_What you will do:_ Could you give again exactly, and only, the lines from the one holding "대전' 전시회 포스터" through the end of the data, both ends included, with pictures left out?

_Data below:_

= = =

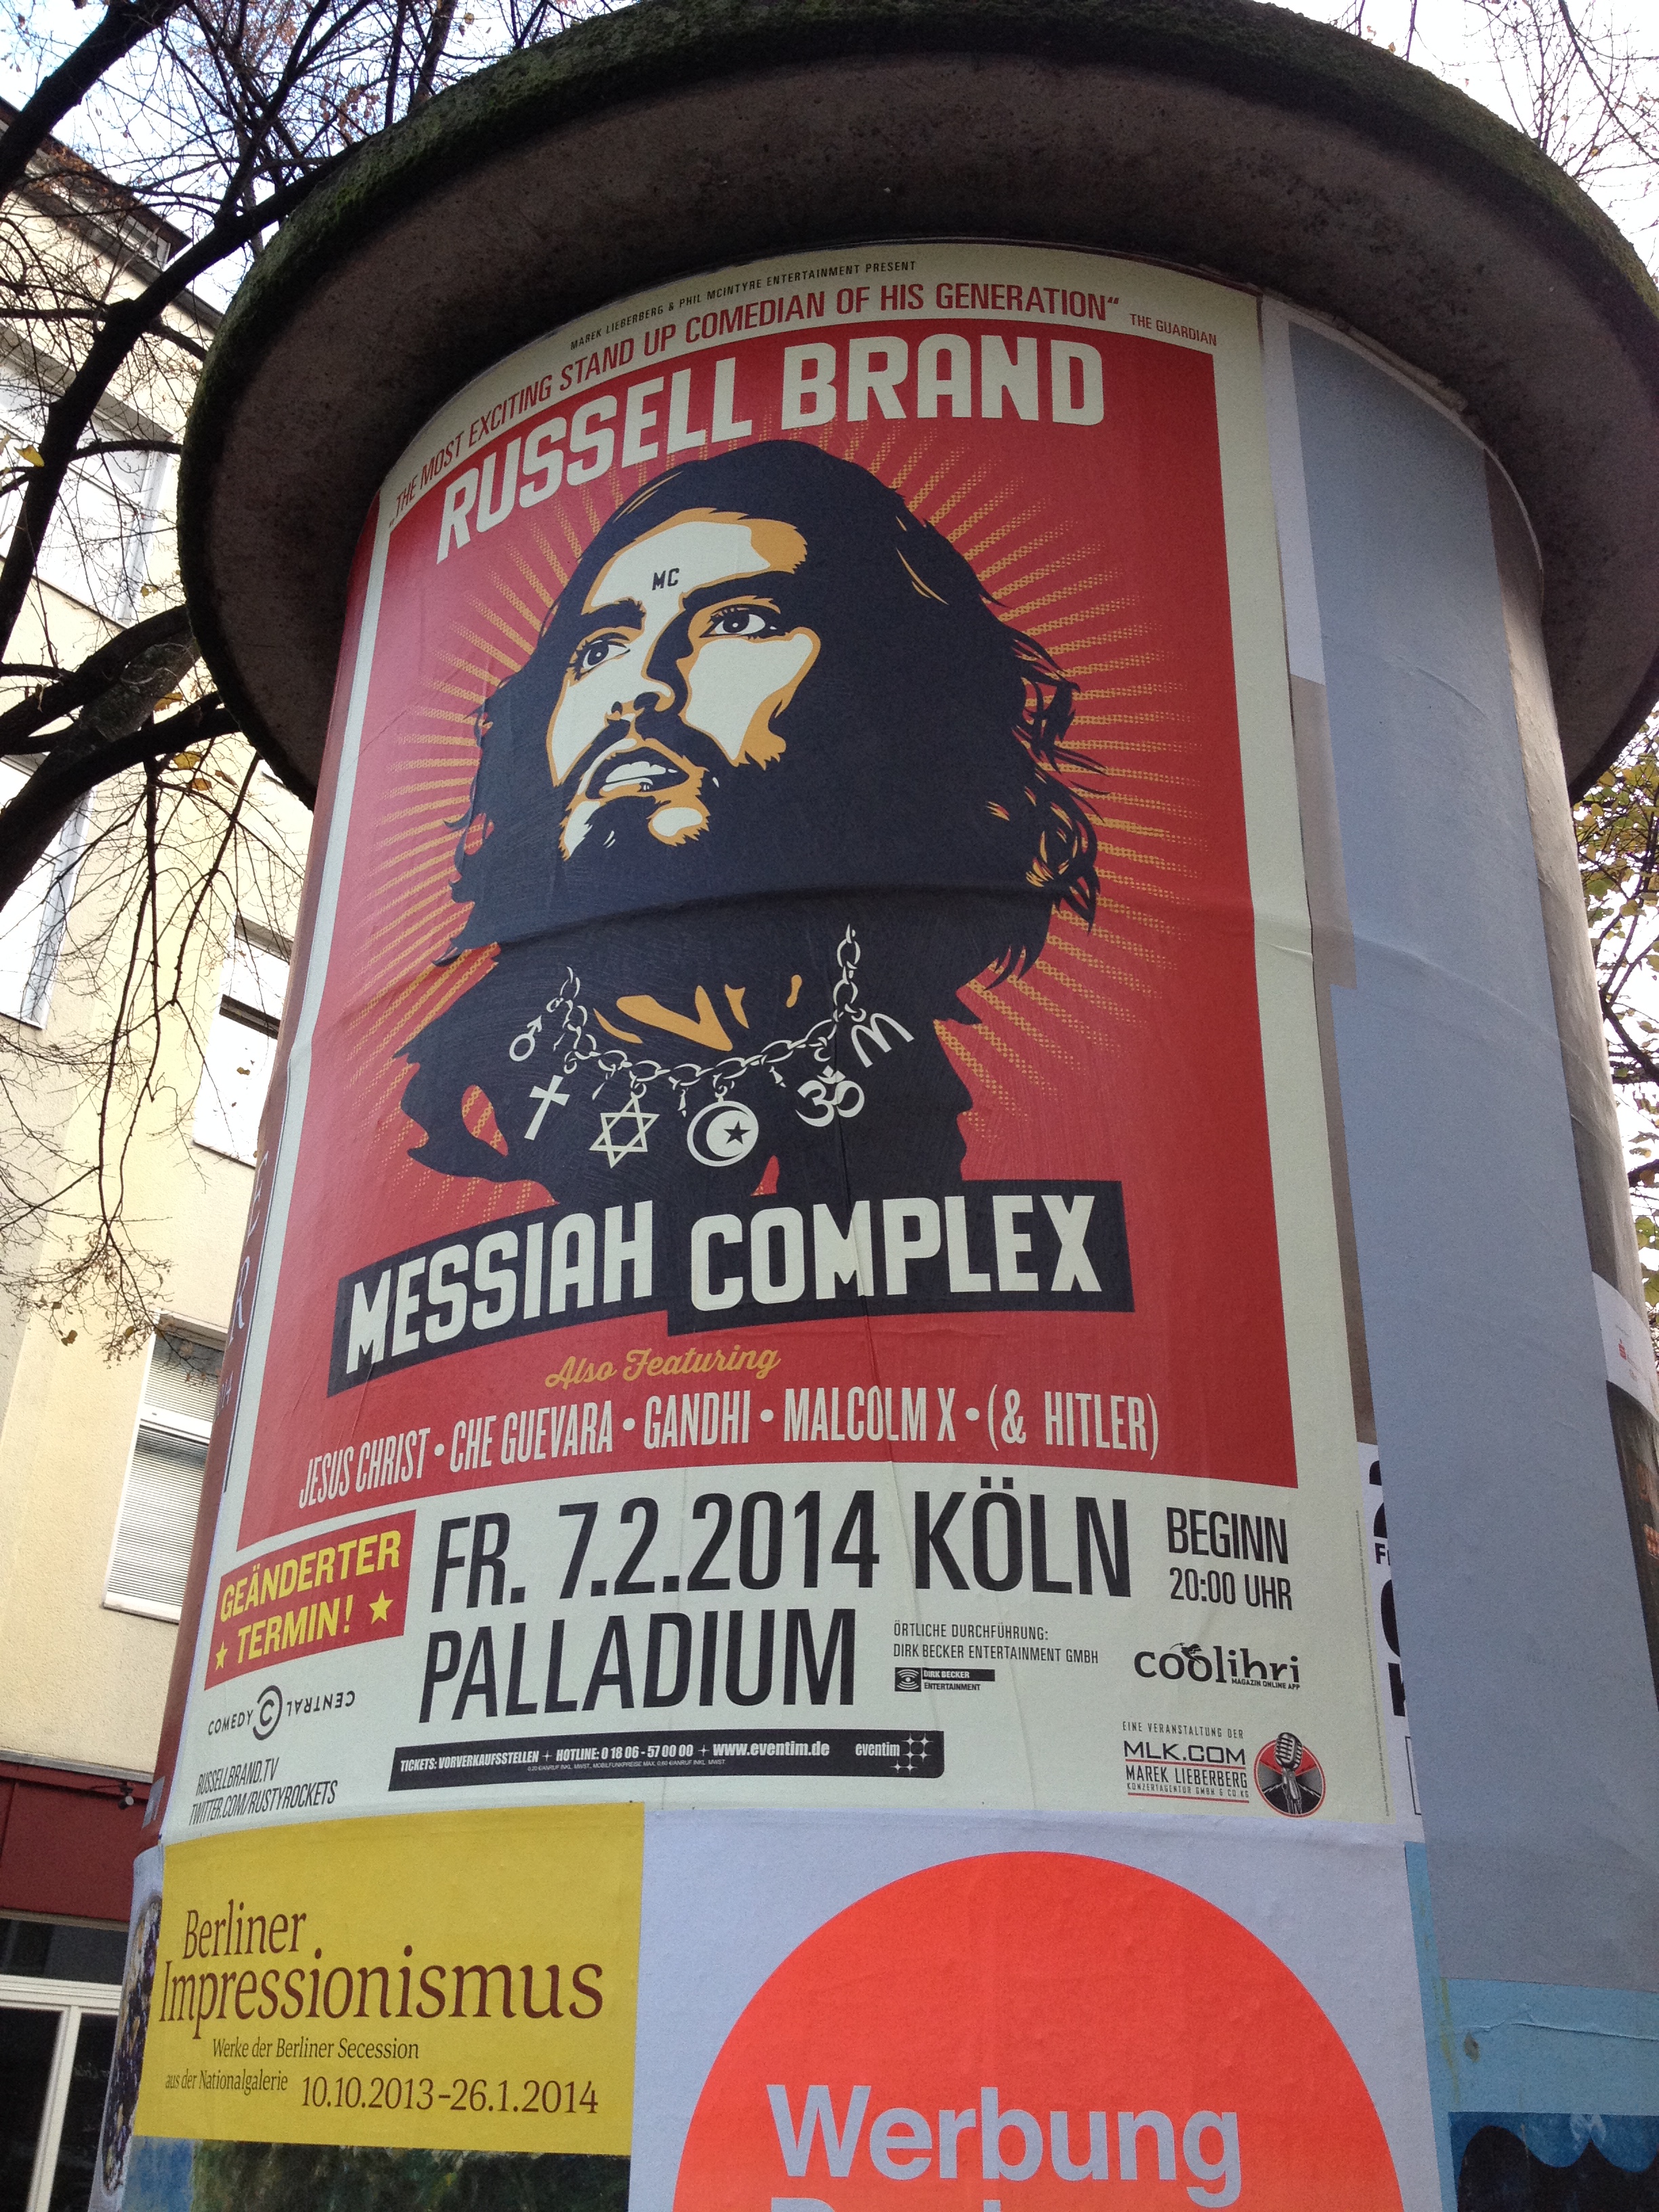 Messiah Complex
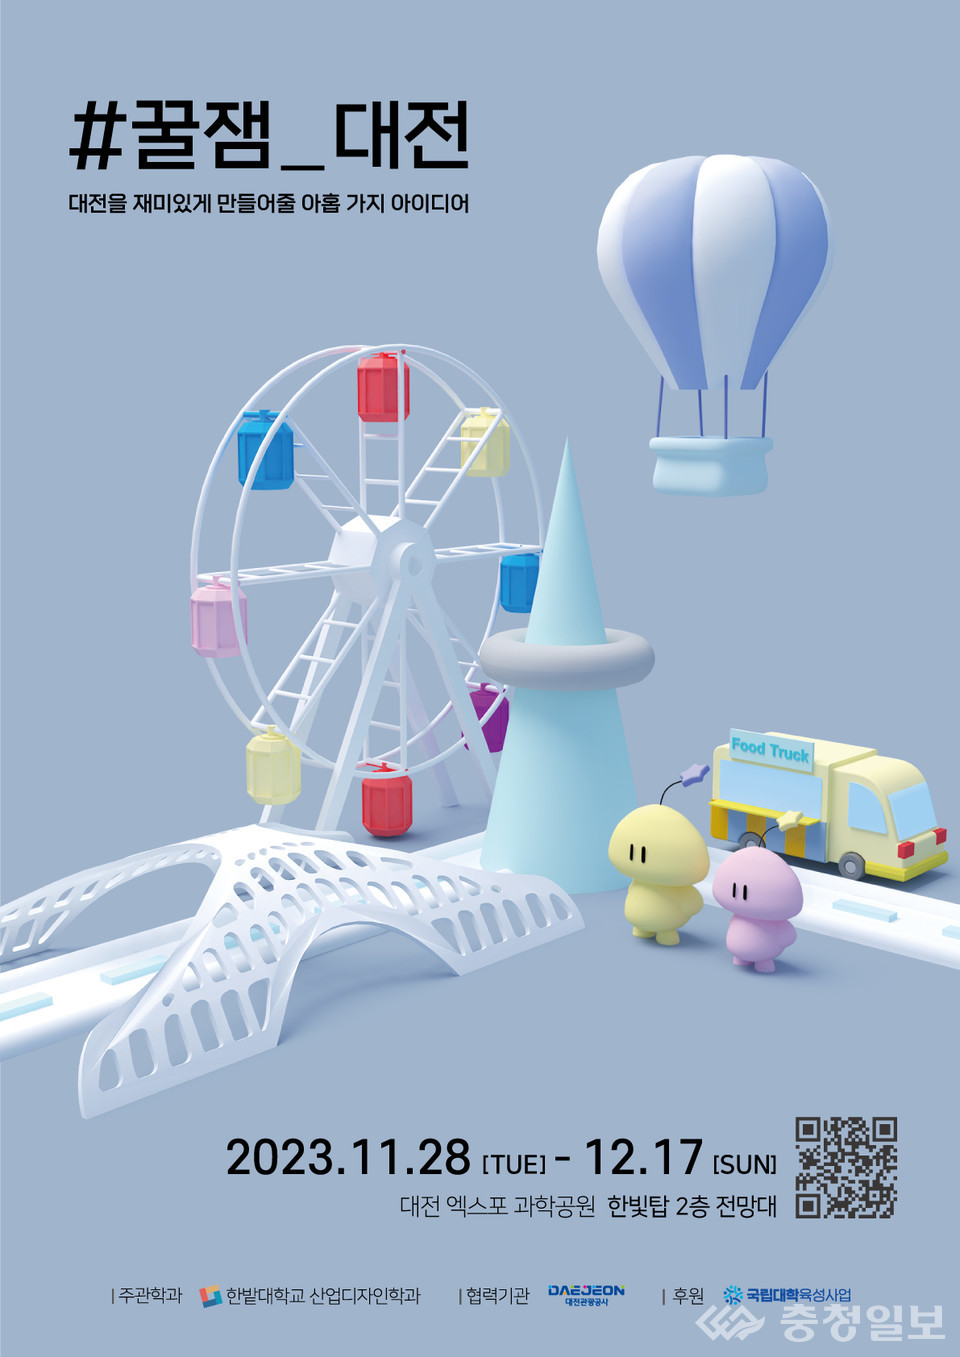 ▲ 국립한밭대학교 산업디자인학과 학생들의 '#꿀잼 대전' 전시회 포스터
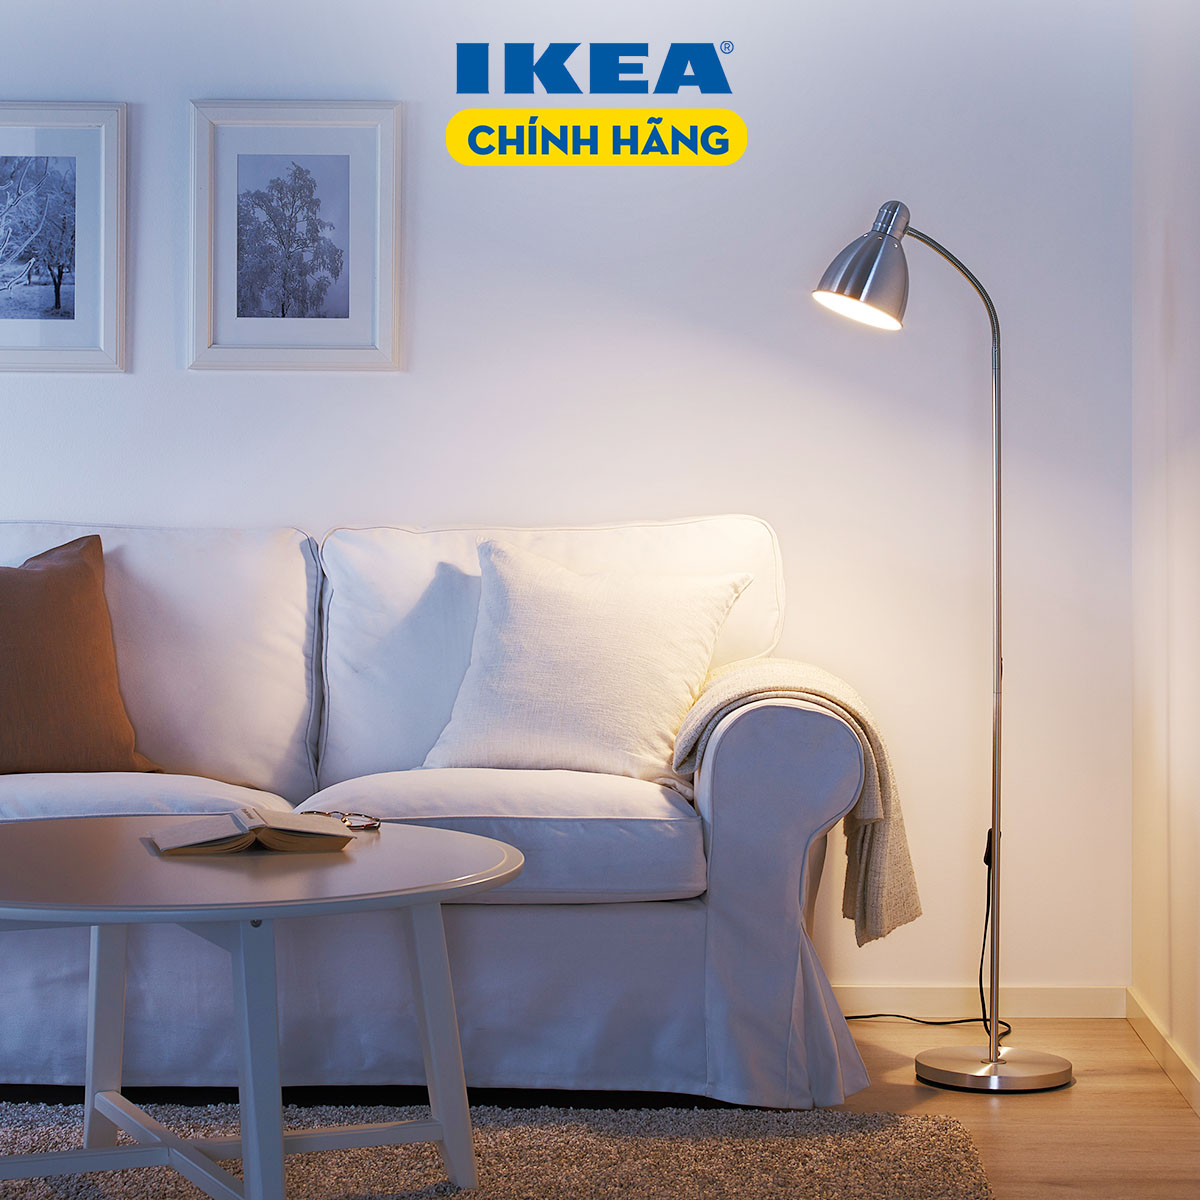 Đèn Ikea LERSTA là một trong những sản phẩm nội thất tuyệt vời của Ikea, mang đến ánh sáng ấm áp và tạo điểm nhấn cho không gian sống của bạn. Hãy khám phá bức ảnh liên quan để tìm kiếm bộ sưu tập đèn đẹp mắt của Ikea!

= = =

_Response below:_
 ▲ 국립한밭대학교 산업디자인학과 학생들의 '#꿀잼 대전' 전시회 포스터
 Đèn Ikea LERSTA là một trong những sản phẩm nội thất tuyệt vời của Ikea, mang đến ánh sáng ấm áp và tạo điểm nhấn cho không gian sống của bạn. Hãy khám phá bức ảnh liên quan để tìm kiếm bộ sưu tập đèn đẹp mắt của Ikea!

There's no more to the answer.